Декс издал утробный смешок, и я невольно улыбнулась, хотя и не думала шутить.

– С точки зрения сюжетной линии, – сказал Декс, – возможно, фокус в том, что повествование о жизни любой из жертв уже закончено, настал финал. А поскольку они не сделали ничего плохого, то из их жизни и не извлечешь никаких уроков, а?

Я не была уверена, что он ошибается, и все-таки говорить такие вещи, по-моему, ужасно.

– Но и в историях убийств не так уж много смысла или уроков. Ведь как эти девчонки всех убивали – это же безумие, разве нет? А на фотках они всегда такие улыбчивые, милые, спокойные, такие хиппи-хиппи – все люди типа братья. Просто как-то дико. Я-то считала, что девушки убивают только своих парней, или мужей, или насильников. Но уж никак не беременных дам. Какой урок можно извлечь отсюда? Что женщины – тайные психопатки?

– Тайные? – Декс мастерски изобразил вдумчивого педагога, склонив голову набок и проницательно прищуриваясь. – Анна, с чего ты вообще решила, будто женщины лучше мужчин? Кто тебе сказал такое? Неужели в школах все так далеко зашло?

У меня в голове снова зароились мысли про Пейдж Паркер, но я решительно их отогнала.

– Думаю, нет. Но у женщин все как-то немножко по-другому, разве нет? Как думаешь, почему все постоянно говорят, какими хорошенькими были те девушки? Не Шэрон Тейт, нет, а убийцы. На мой-то вкус, они все выглядят как ненормальные, как сумасшедшие. Вот, полюбуйся: «Некоторые считали Сьюзен Аткинс самой хорошенькой из них». При чем здесь вообще это?

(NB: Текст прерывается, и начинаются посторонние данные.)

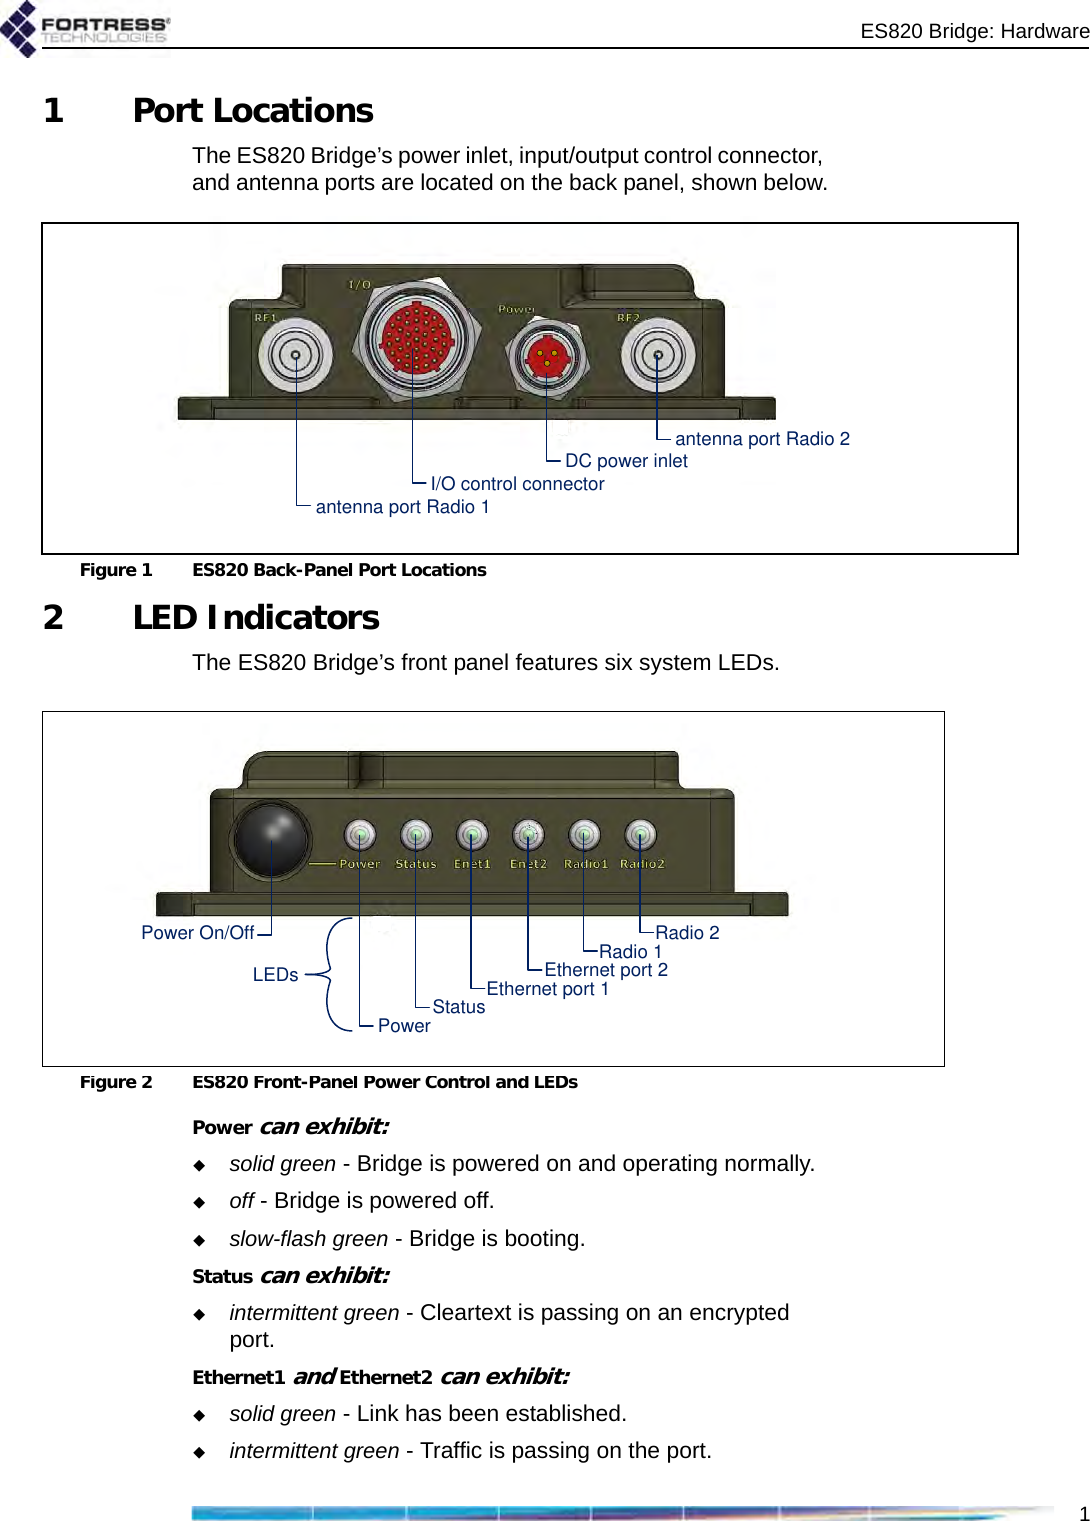 ES820 Bridge: Hardware11 Port LocationsThe ES820 Bridge’s power inlet, input/output control connector, and antenna ports are located on the back panel, shown below.Figure 1 ES820 Back-Panel Port Locations2LED IndicatorsThe ES820 Bridge’s front panel features six system LEDs.Figure 2 ES820 Front-Panel Power Control and LEDsPower can exhibit:solid green - Bridge is powered on and operating normally.off - Bridge is powered off.slow-flash green - Bridge is booting.Status can exhibit:intermittent green - Cleartext is passing on an encrypted port.Ethernet1 and Ethernet2 can exhibit:solid green - Link has been established.intermittent green - Traffic is passing on the port.antenna port Radio 1antenna port Radio 2DC power inletI/O control connectorRadio 2Radio 1Ethernet port 1Ethernet port 2StatusPowerPower On/OffLEDs
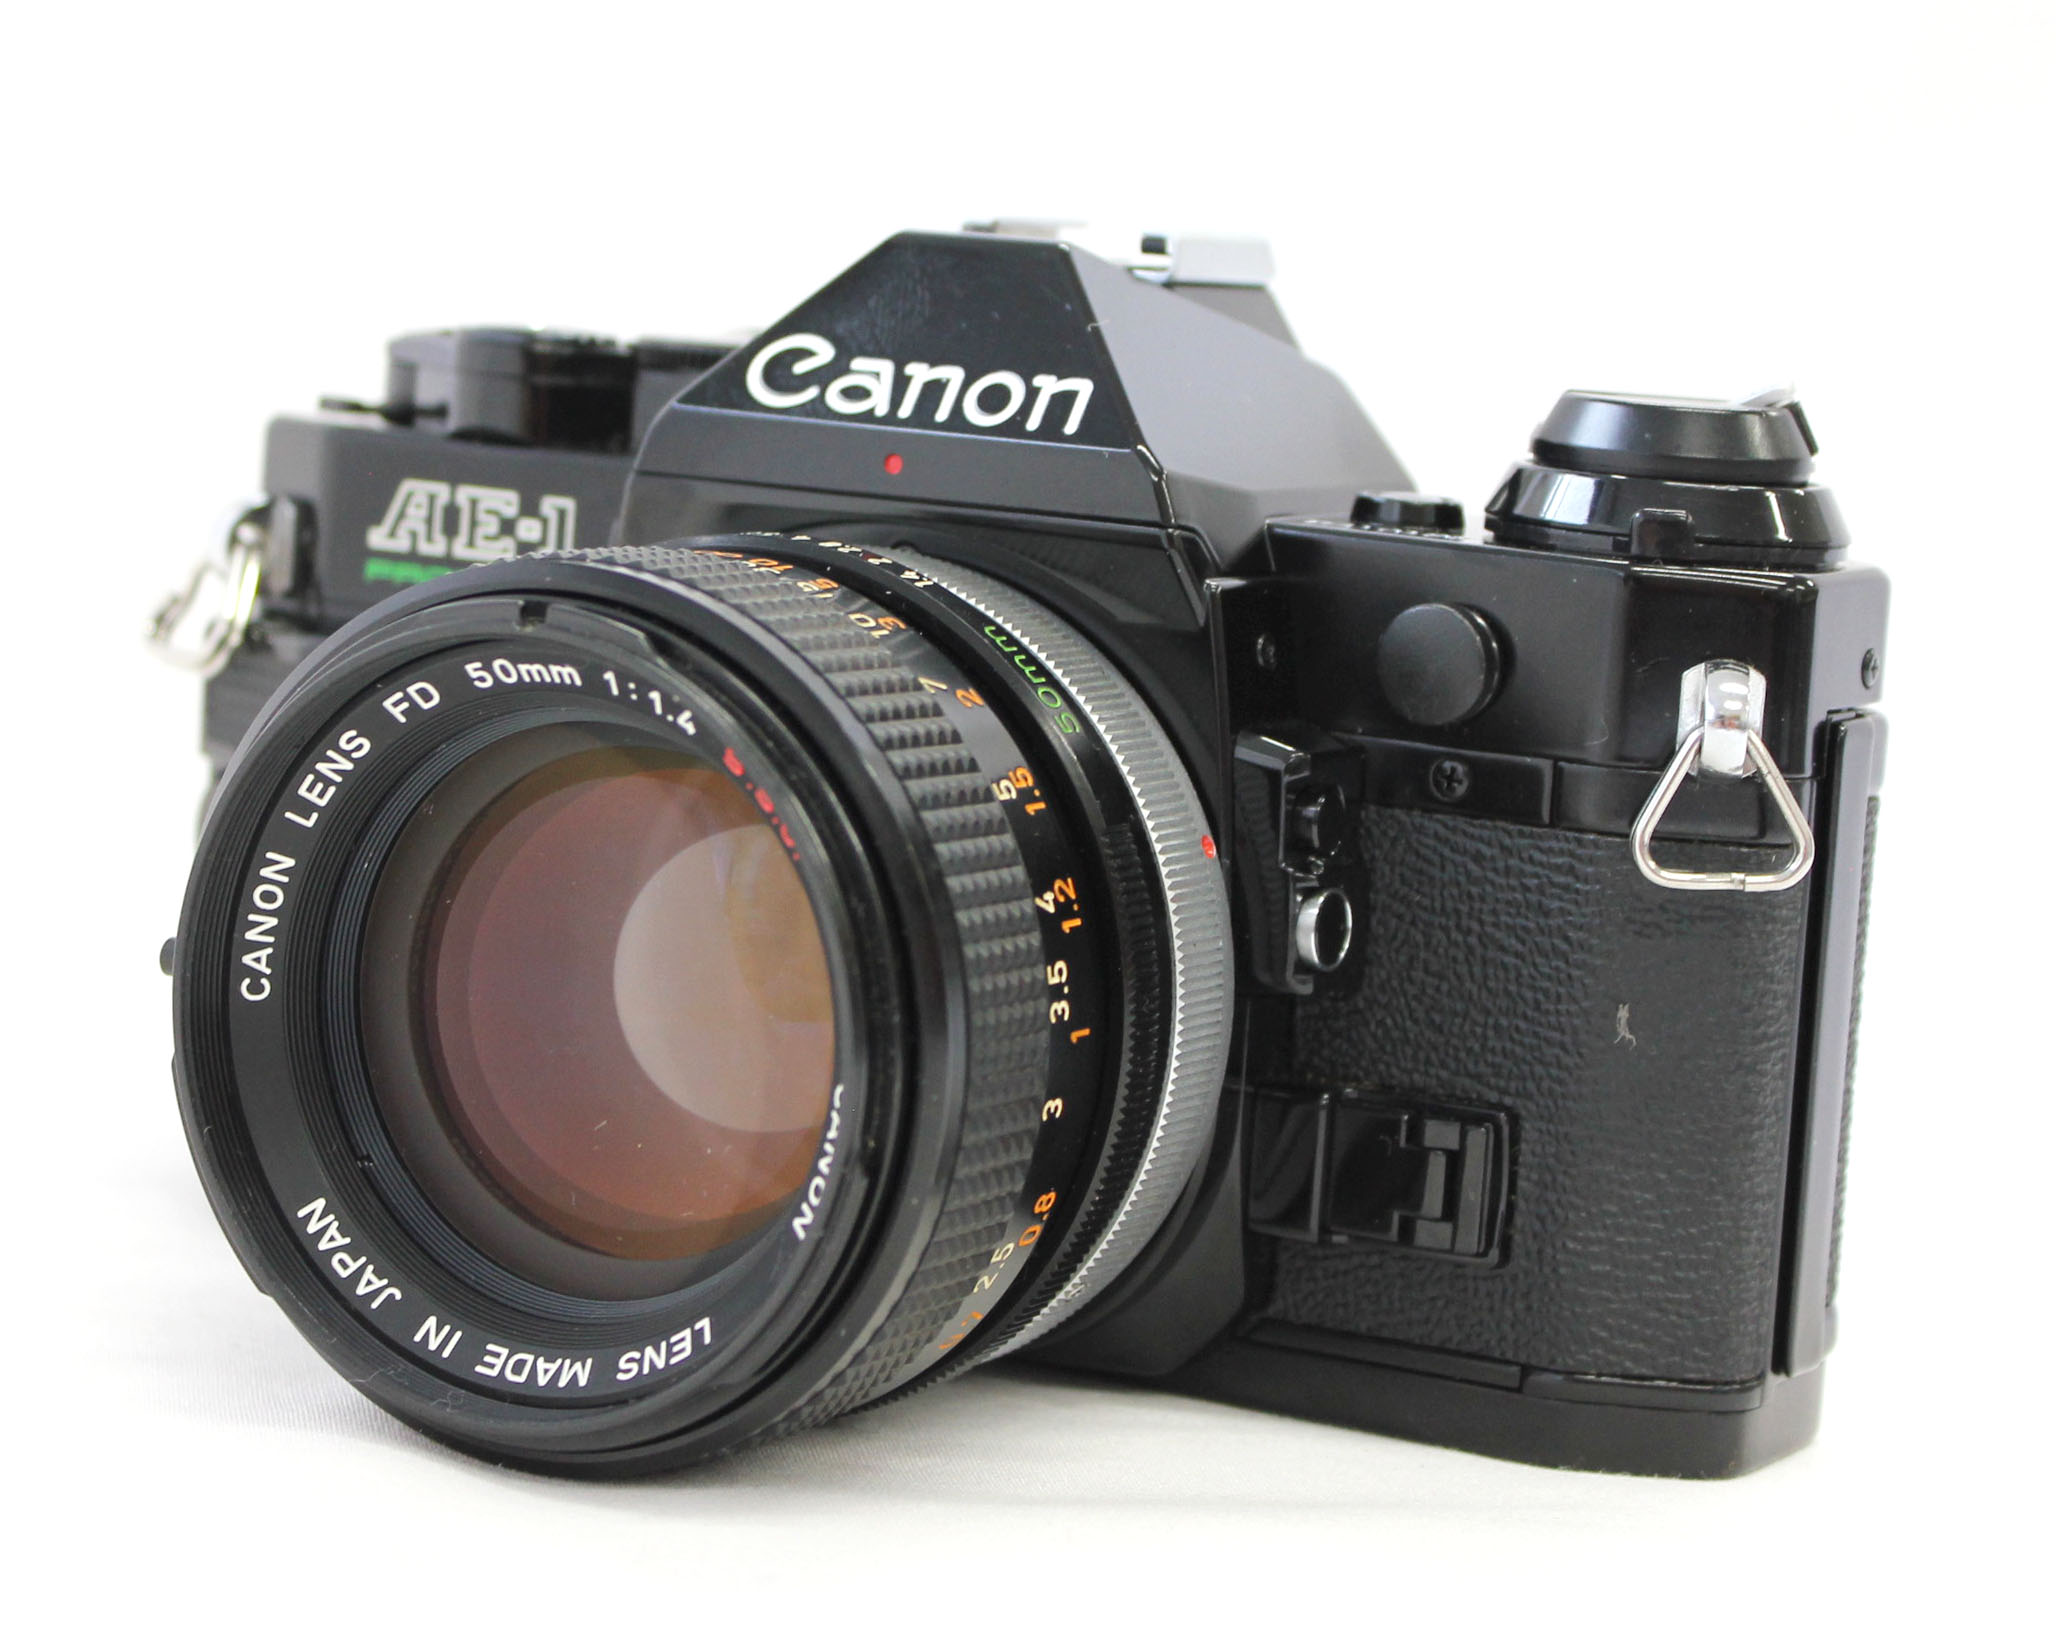 [Excellent+++++] Canon AE-1 Program 35mm SLR Film Camera Black with FD 50mm F/1.4 S.S.C. Rare "O" Lens from Japan

– Ни при чем. Но Шэрон Тейт была прекрасна.

Ко мне упорно возвращалась одна и та же мысль: стайка симпатичных девушек убивает настоящую красавицу. И я все время думала об этом не потому, что преступление настолько жуткое, а потому, что его, в конце концов, не так уж трудно понять. Мне приходилось все время себе напоминать, что те убийства замышлялись по-другому. Шэрон Тейт там появилась случайно, по воле судьбы.

– А вот эта твоя работа – скажи-ка мне, ты собираешься в ней освещать расовый вопрос?

– Думаю, эссе должно быть посвящено исключительно девушкам.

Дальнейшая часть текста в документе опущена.